Perhaps the shortage of personal protective equipment has led to this behavior. Maybe not. Perhaps it's just self-centeredness, a doppleganger of the "self-ism" of many of our societies  in the West, in which individual "freedom" is believed to eclipse the common good.

Anyway, I found it interesting that in just a few days of this behavior, several people have died from taking this drug. (The link is just a couple of the cases reported so far--maybe this will cause people to rethink taking medical advice from a real estate developer.)

If you are considering, I would not recommend it. I myself would use a homeopathic remedy--at least the cure won't kill me.

Panic Buying

Or is it something else, maybe boredom? After all, we're pretty much left with just the grocery stores for outside entertainment in the presence of others of our kind. Here's an example:

Credit: Julie Moffitt
The pasta aisle at a local supermarket. I do hope none of this ends up in a landfill when it's too stale to eat. Maybe people will donate to food banks, especially with all the unemployed now coming online.

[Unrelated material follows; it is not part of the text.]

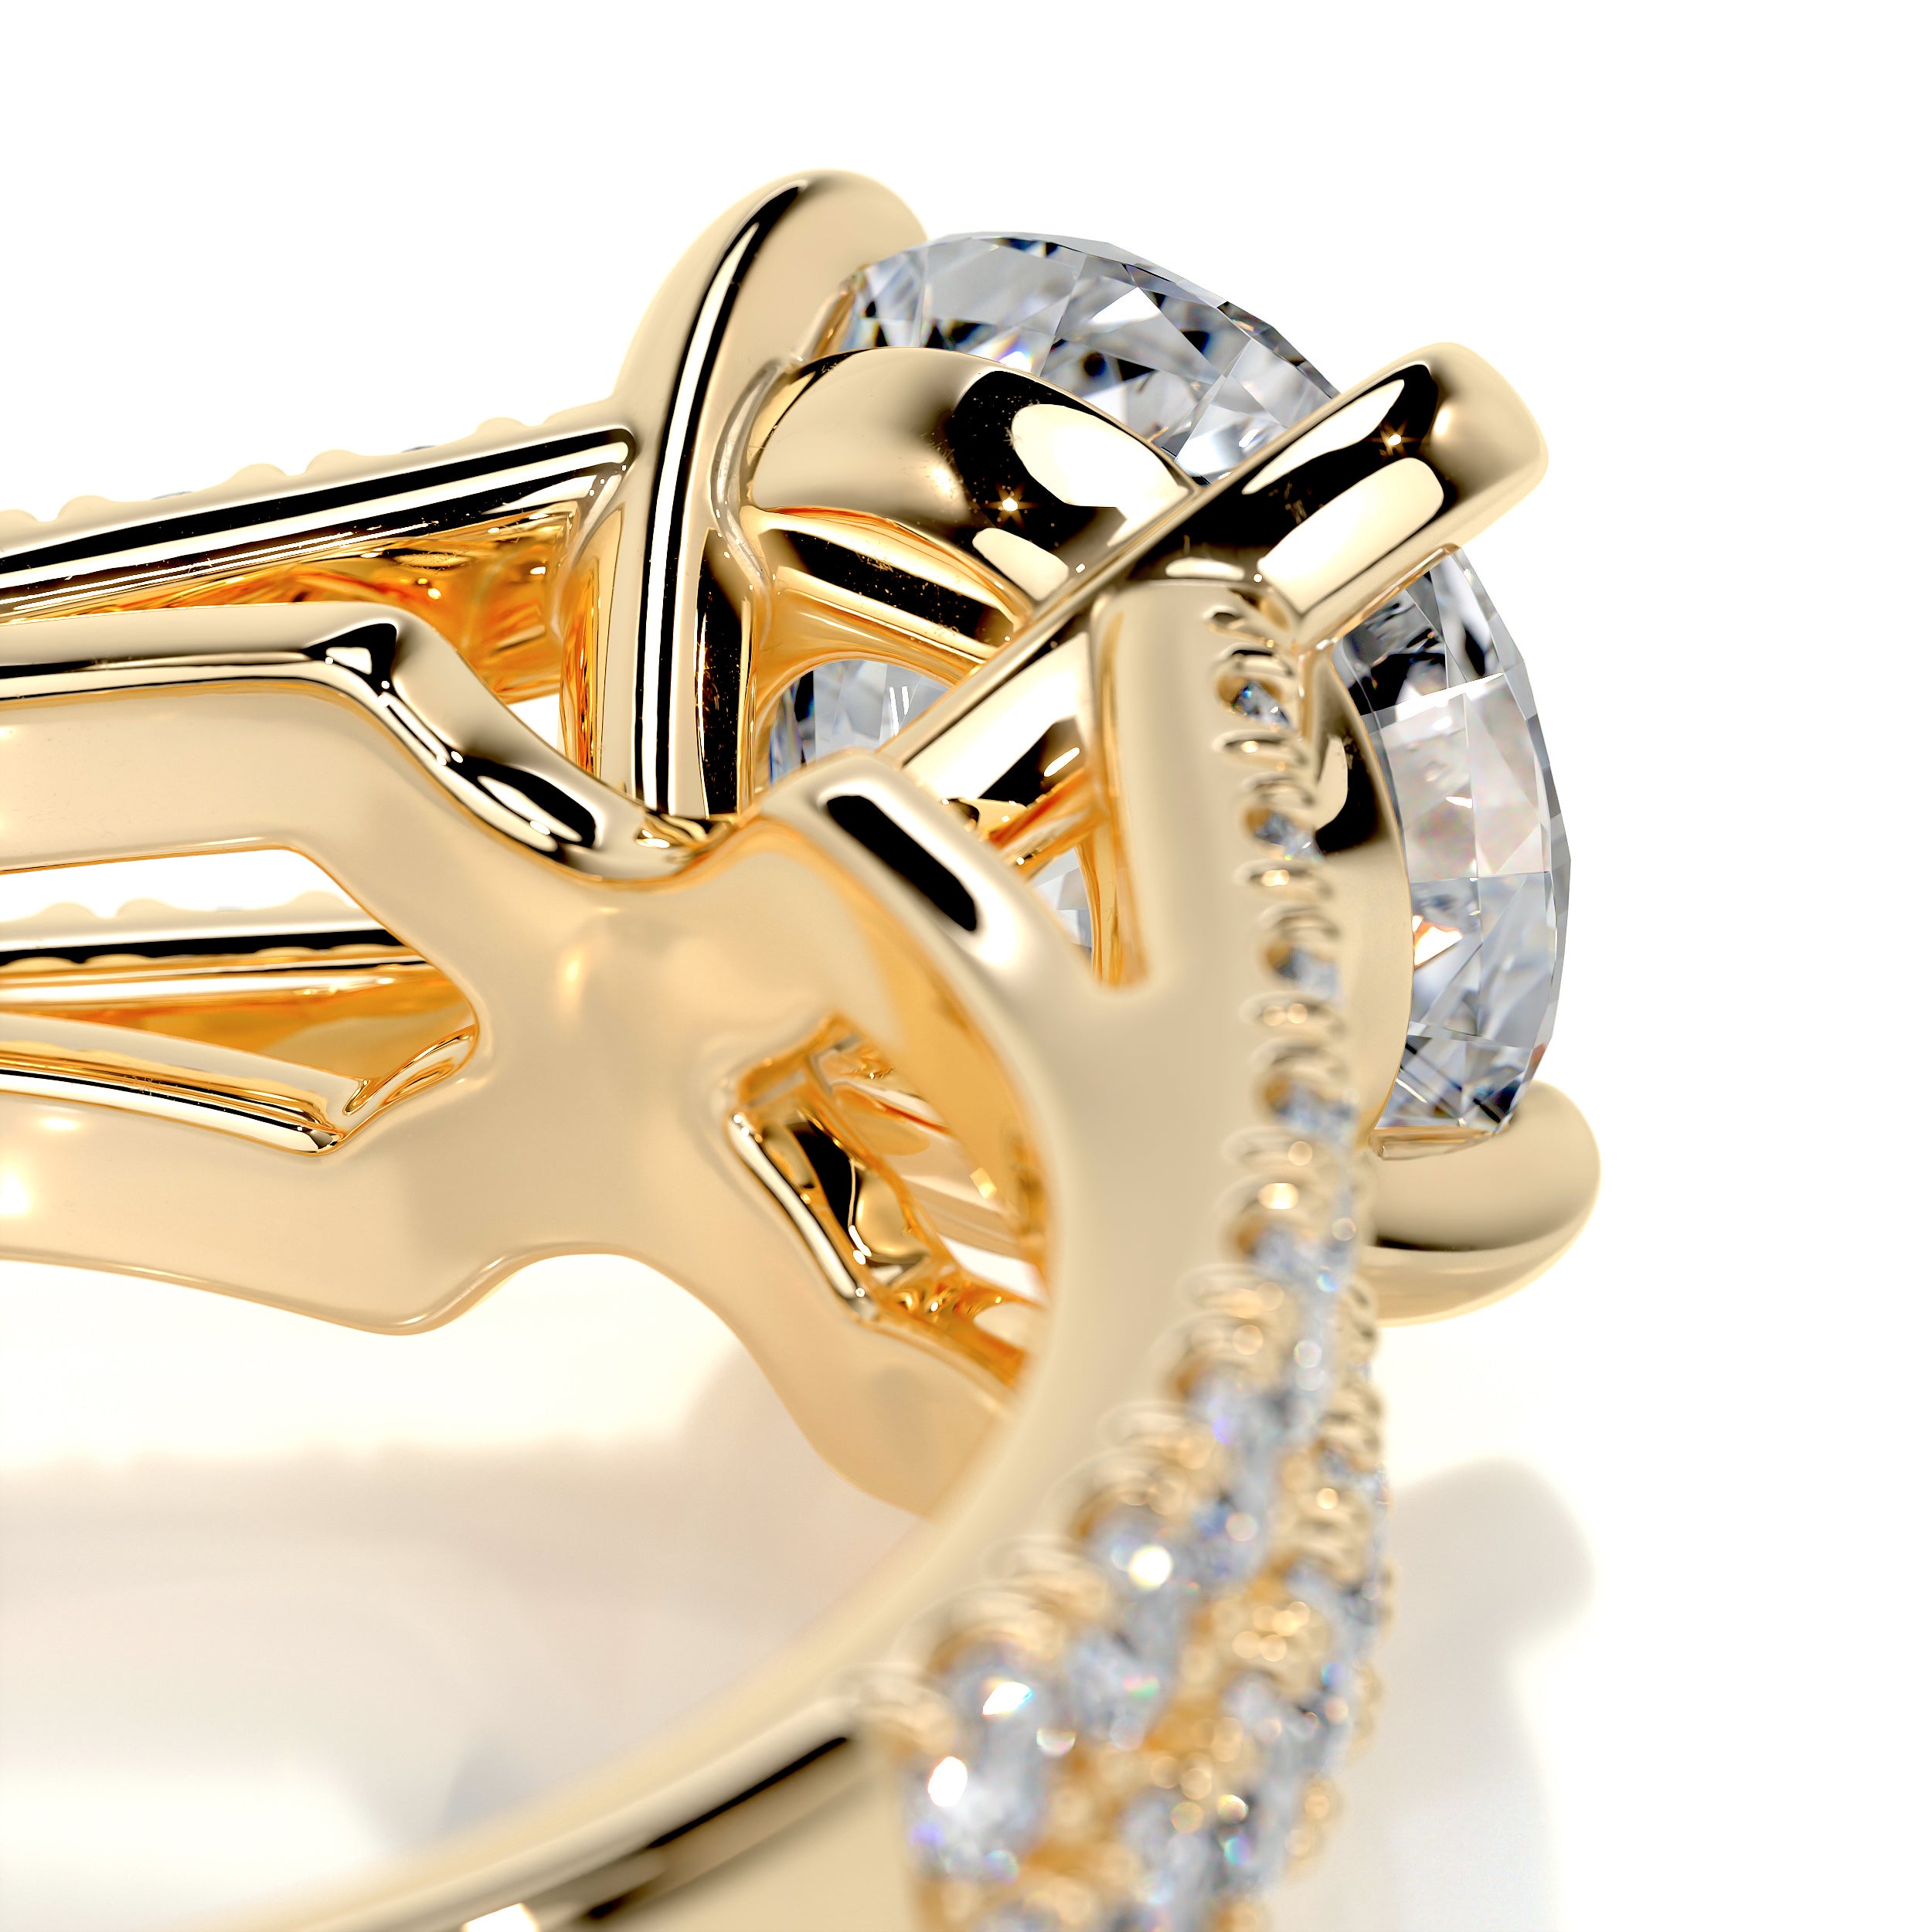 Sadie Diamond Engagement Ring   (2 Carat) -18K Yellow Gold

I understand. We're freaking out. But why? Should seem obvious, one could say. Deaths, lockdowns, mysterious, invisible invaders among us (sound familiar?), and all sorts of disruption with no clear end date. If I examine the real data so far, I can conclude that we have a serious health problem on our hands that mostly afflicts people 50 and older, that it seems alarmingly contagious but modestly fatal--the vast majority live when circumstances allow, such as healthy food supplies, clean water, avoidance of well-known bad habits (In China 52% of men smoke), and exercise some healthy behaviors, the fatality rate seems a modest 1%--and will probably be lower once we have a real denominator. We don't actually know how many people even are infected with the novel coronavirus.

Today I began to wonder Did we need something to happen? Were things too easy? Were we somehow bored? Did we need "a kick in our complacency," as Jean-Luc Picard put in Star Trek?
Things were not great for a lot of people, but we were tolerating it. This communal freak out accomplishes laying bare the inequities and poverties of many parts of the world, thus to inspire better discussions about how to fix those inequities. 

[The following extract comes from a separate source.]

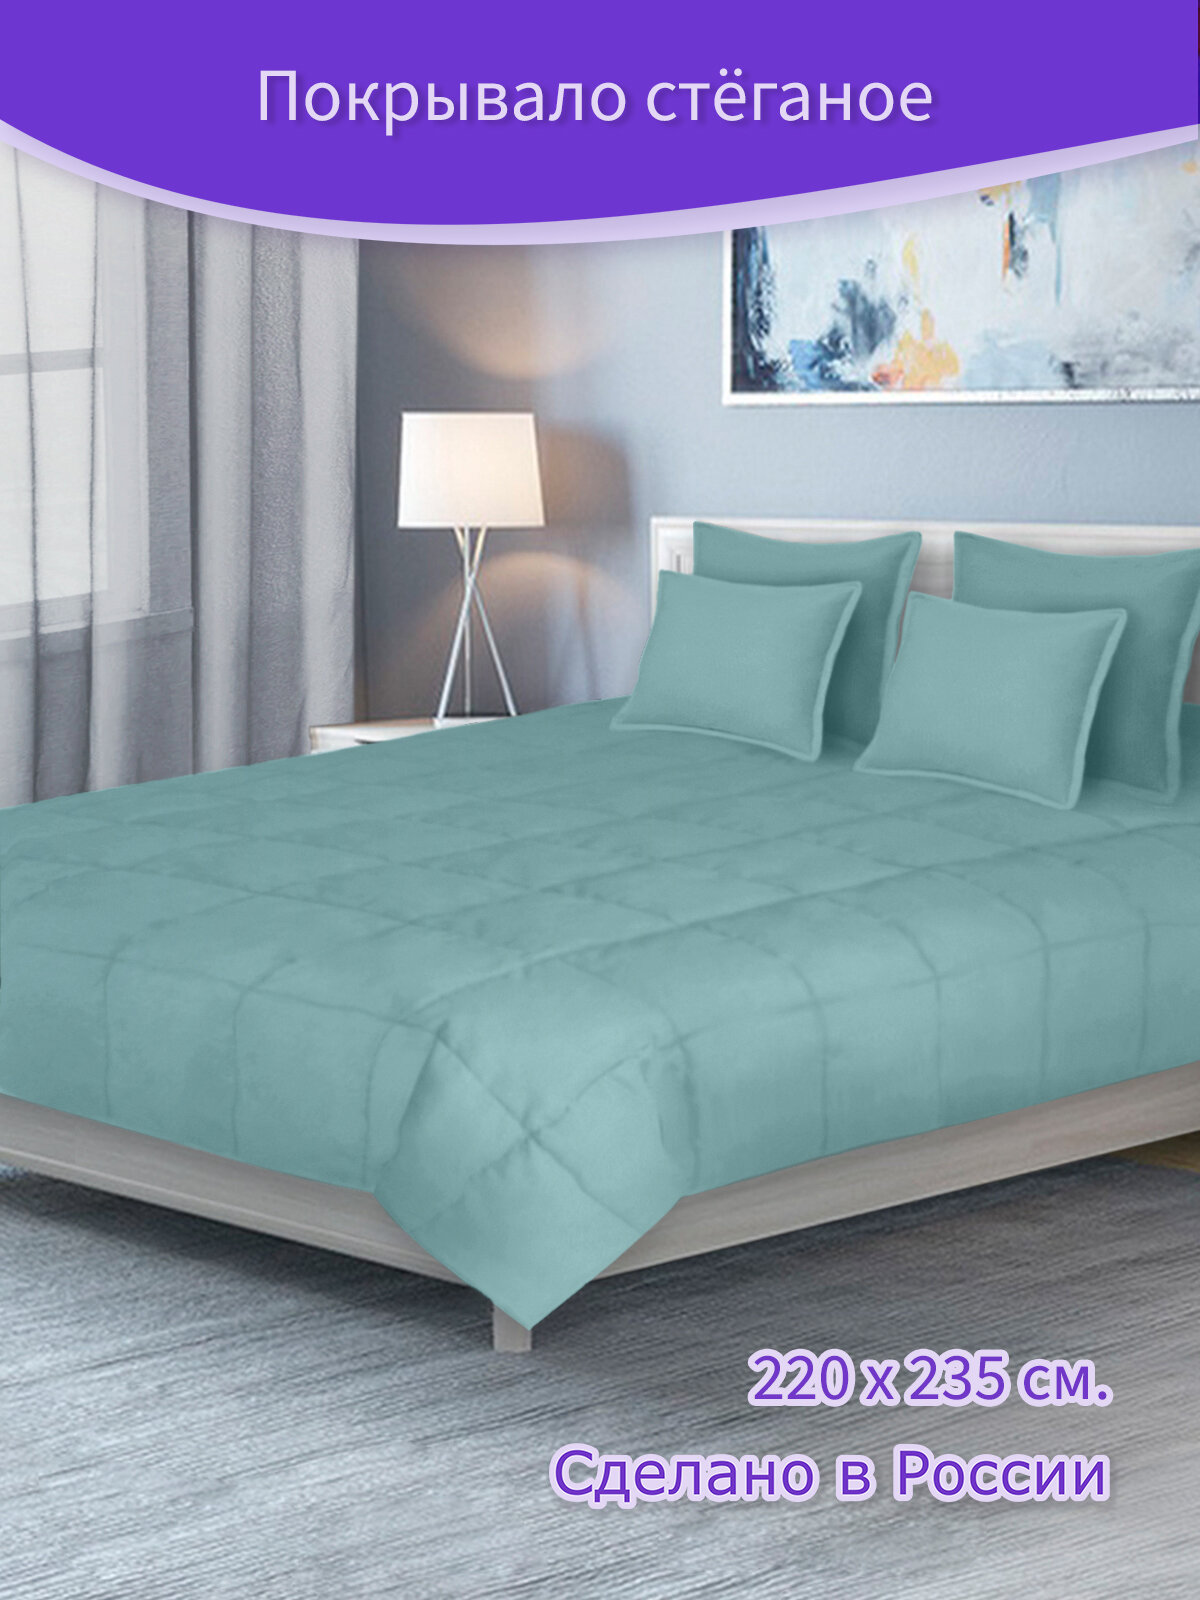 Покрывало плед стеганое Велюр - канвас Светло бирюзовый, голубой, 220 х 235 см. на кровать, диван с подкладкой синтепон - фотография № 1

I mean, people are gettin' an education about their "health insurance". Am I right?

I'm not sure that I would say that people are somehow "causing" this. But this epidemic was probably influenced by the growing power of Chinese agribusiness, which like America's, forces the less wealthy to find other means of support, when they see a market to over-exploit.

In other words: systems move as an interconnected wave. It's not possible for me to imagine that this is objective decision-making in the face of limited data; rather it is the collective psychic seizure that for a moment frames everything into such relief, it can no longer be ignored. So...
  • We should have been better prepared for this.
  • Politicians politicizing catastrophe should be publicly flogged.
  • Individuals should have been better prepared, both by equitable wealth-structures and personal effort.
  • We need to have a real conversation about what's possible and what's desirable, real soon.
So that's going to mean new discussions. I kinda hope it upends the current political stalemate. That's what I'm thinkin' about. How about you?

Special Thanks: to Julie Moffitt. I love bouncing ideas around with you. Inspiration.

UPDATE 3/25/20: COVID-19 cases in U.S. 55,000; deaths, 801. From the CDC: "CDC estimates that so far this season there have been at least 38 million flu illnesses, 390,000 hospitalizations and 23,000 deaths from flu." Context.